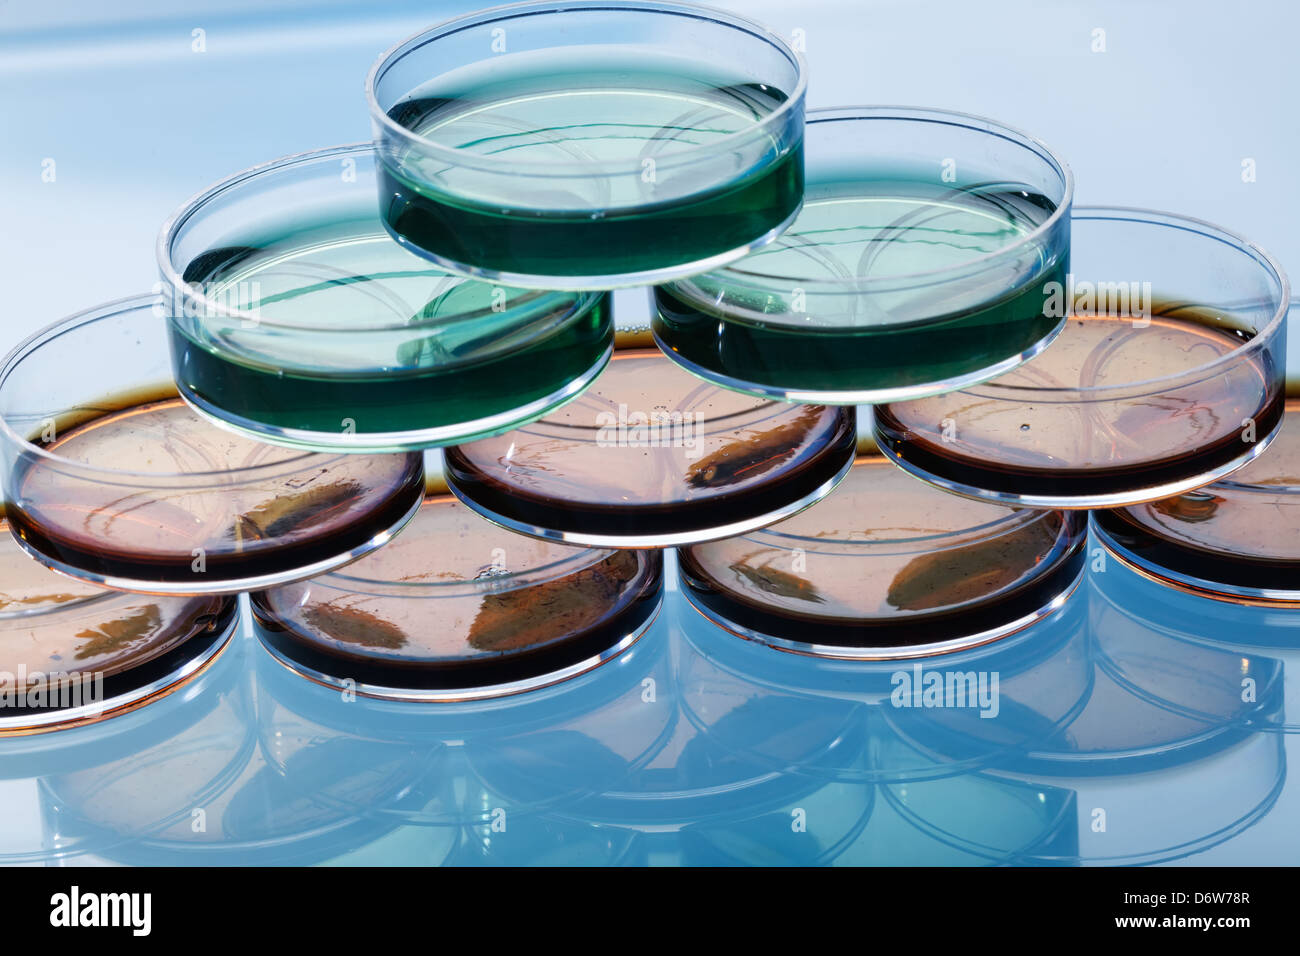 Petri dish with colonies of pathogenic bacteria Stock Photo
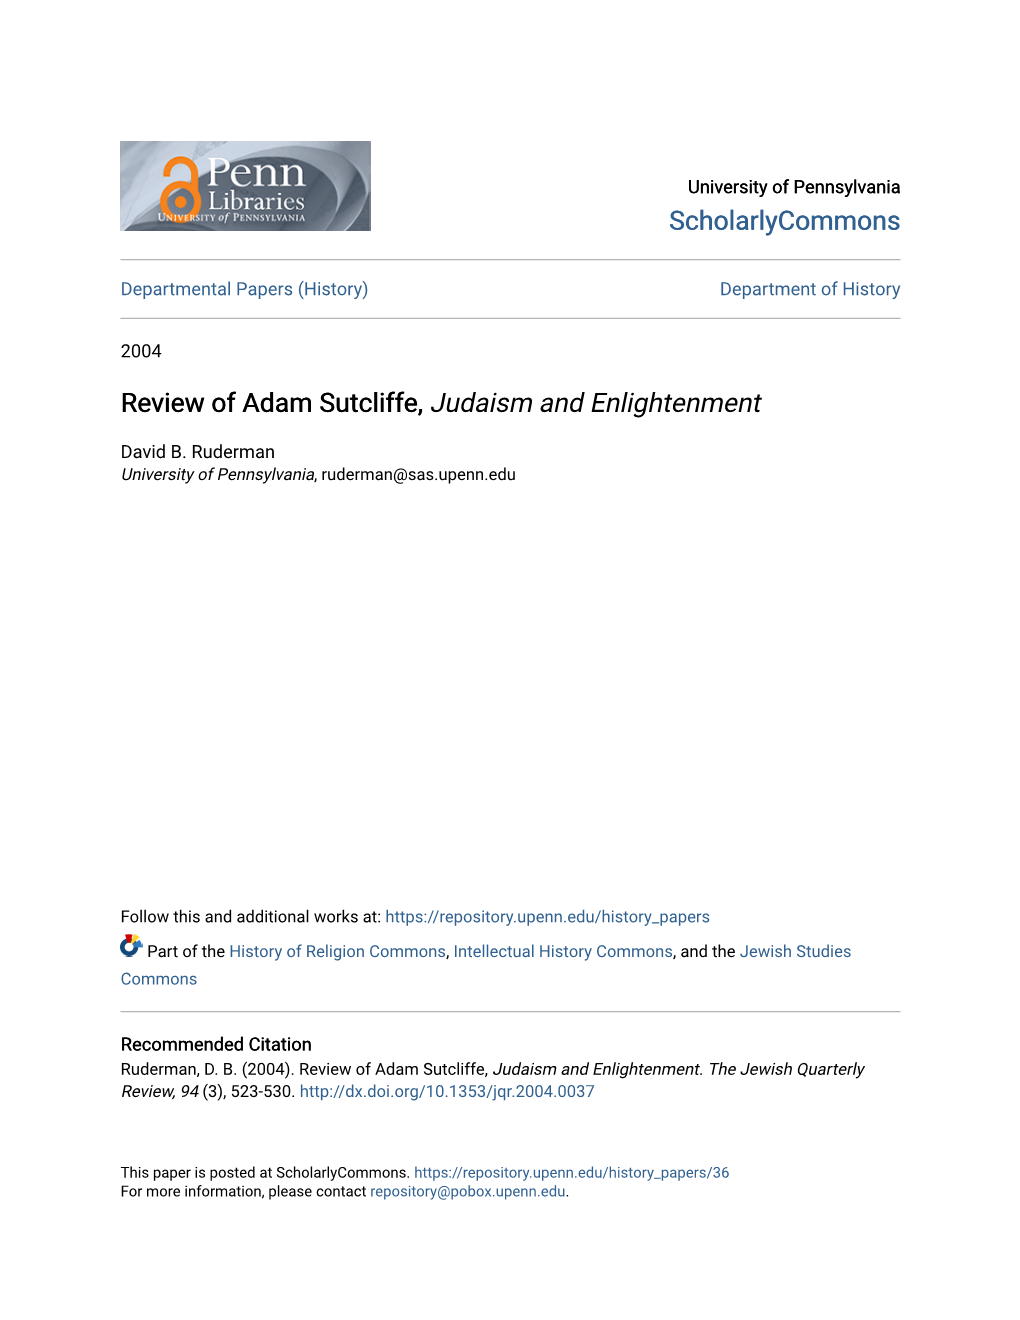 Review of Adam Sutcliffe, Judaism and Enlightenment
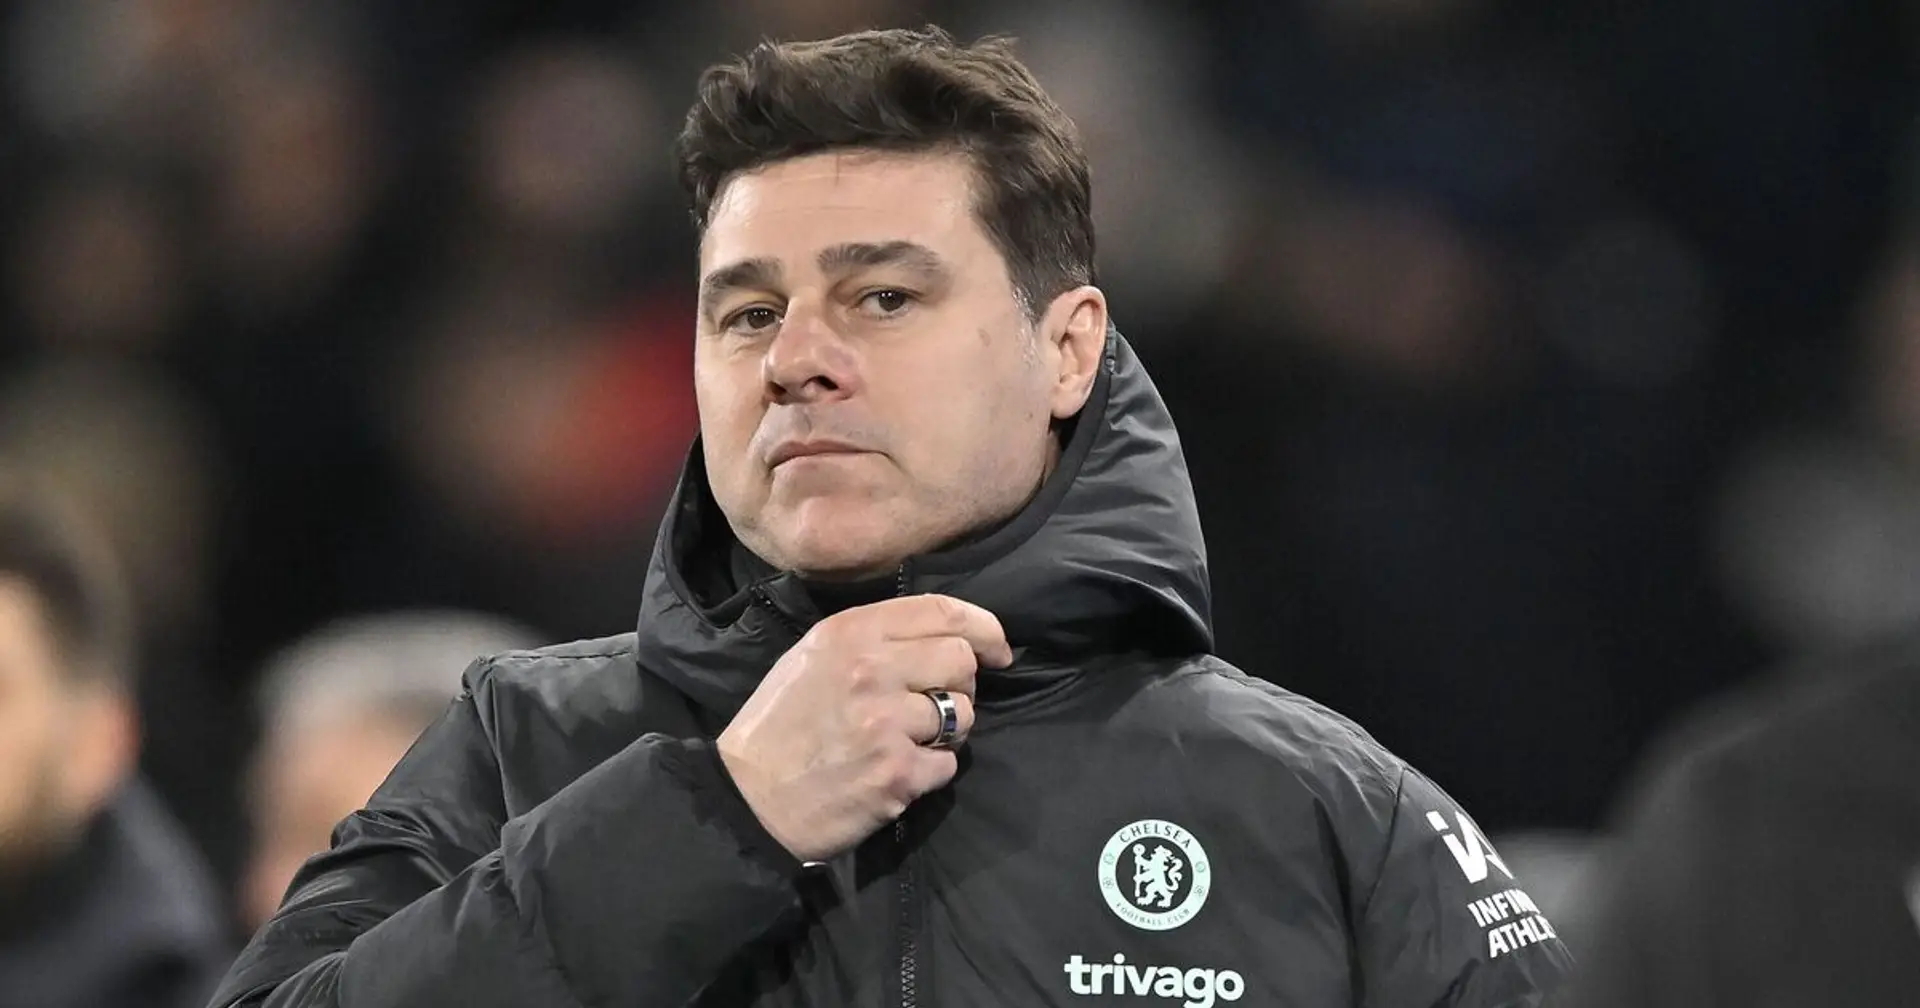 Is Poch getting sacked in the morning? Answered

+ + +

REQUIRED ACTION: All of the material above must be retyped exactly, line for line, with the images dropped.

TASK RESULT:
 Petri dish with colonies of pathogenic bacteria Stock Photo
 Review of Adam Sutcliffe, Judaism and Enlightenment
 Is Poch getting sacked in the morning? Answered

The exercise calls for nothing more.